Sheila Santos und Israel Cendrero haben uns mit ihren Brettspielen bereits die Rote Kathedrale und die Weiße Burg nähergebracht. Nun beschäftigen wir uns wieder mit einem Gebäude – in diesem Fall dem Flatiron Bulding in New York, das seiner dreieckigen Form entsprechend einem altmodischen Bügeleisen ähnelt.
Als Baufirmen sind wir an der Errichtung des Flatiron Buildings beteiligt – bauen aber nicht alle 22 Stockwerke, sondern sind bereits nach 5 Etagen und dem Aufsetzen des Daches am Spielende angelangt. Wie sich diese Aufgabe in dem 2-Personen-Spiel, das man aber auch solo spielen kann, gestaltet, lest Ihr im Folgenden.
Carina

Wir haben vor uns einen Manhatten-Spielplan mit dem Grundriss des Flatiron-Gebäudes und der ersten Etage, auf der wir im Folgenden aufbauen. Anliegend an diesem Spieltableau liegen an den angrenzenden Straßenecken – 22nd und 23rd Street sowie Broadway und 5th Avenue – die Straßenkarten auf vier Stapeln offen aus.
Zudem gibt es noch ein Tableau mit der City Hall, auf dem vier weitere Etagenplättchen und das Dach auf das Errichten warten. Neben der City-Hall werden 6 City Hall-Karten ausgelegt, die im Laufe des Spiels erworben werden können.
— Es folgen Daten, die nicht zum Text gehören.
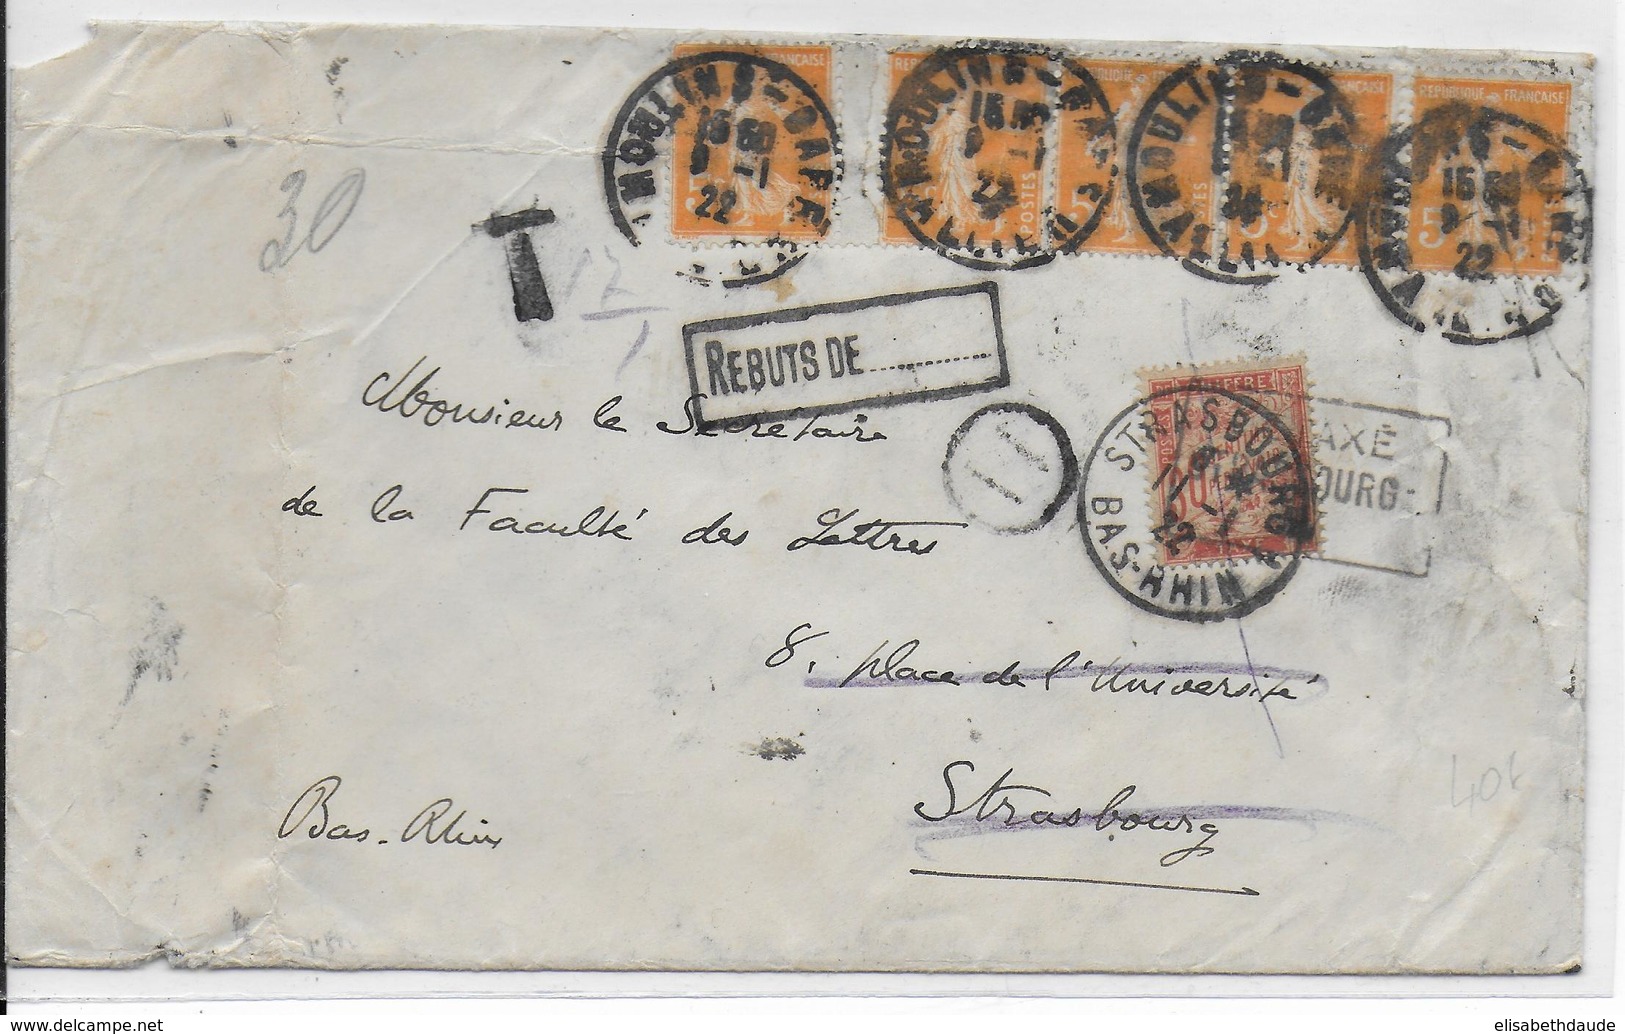 1922 - ENVELOPPE De MOULINS (SEMEUSE) => STRASBOURG TAXEE Puis DETAXEE Avec RARE CACHET DETAXE ! => REBUTS - 1859-1959 Lettres & Documents

Jeder Mitspielende erhält einen individuellen Firmenplan, der sich dadurch von anderen unterscheidet, dass den vier Straßenbereichen immer unterschiedlichen Aktionen zugeordnet sind. Da die vier Tableaus doppelseitig bedruckt sind, gibt es acht unterschiedliche Möglichkeiten, Firmentableaus zu spielen. Außerdem erhält jeder Startkapital und eine Spielfigur die auf Feld 0 des Zählleistentableaus gesetzt wird.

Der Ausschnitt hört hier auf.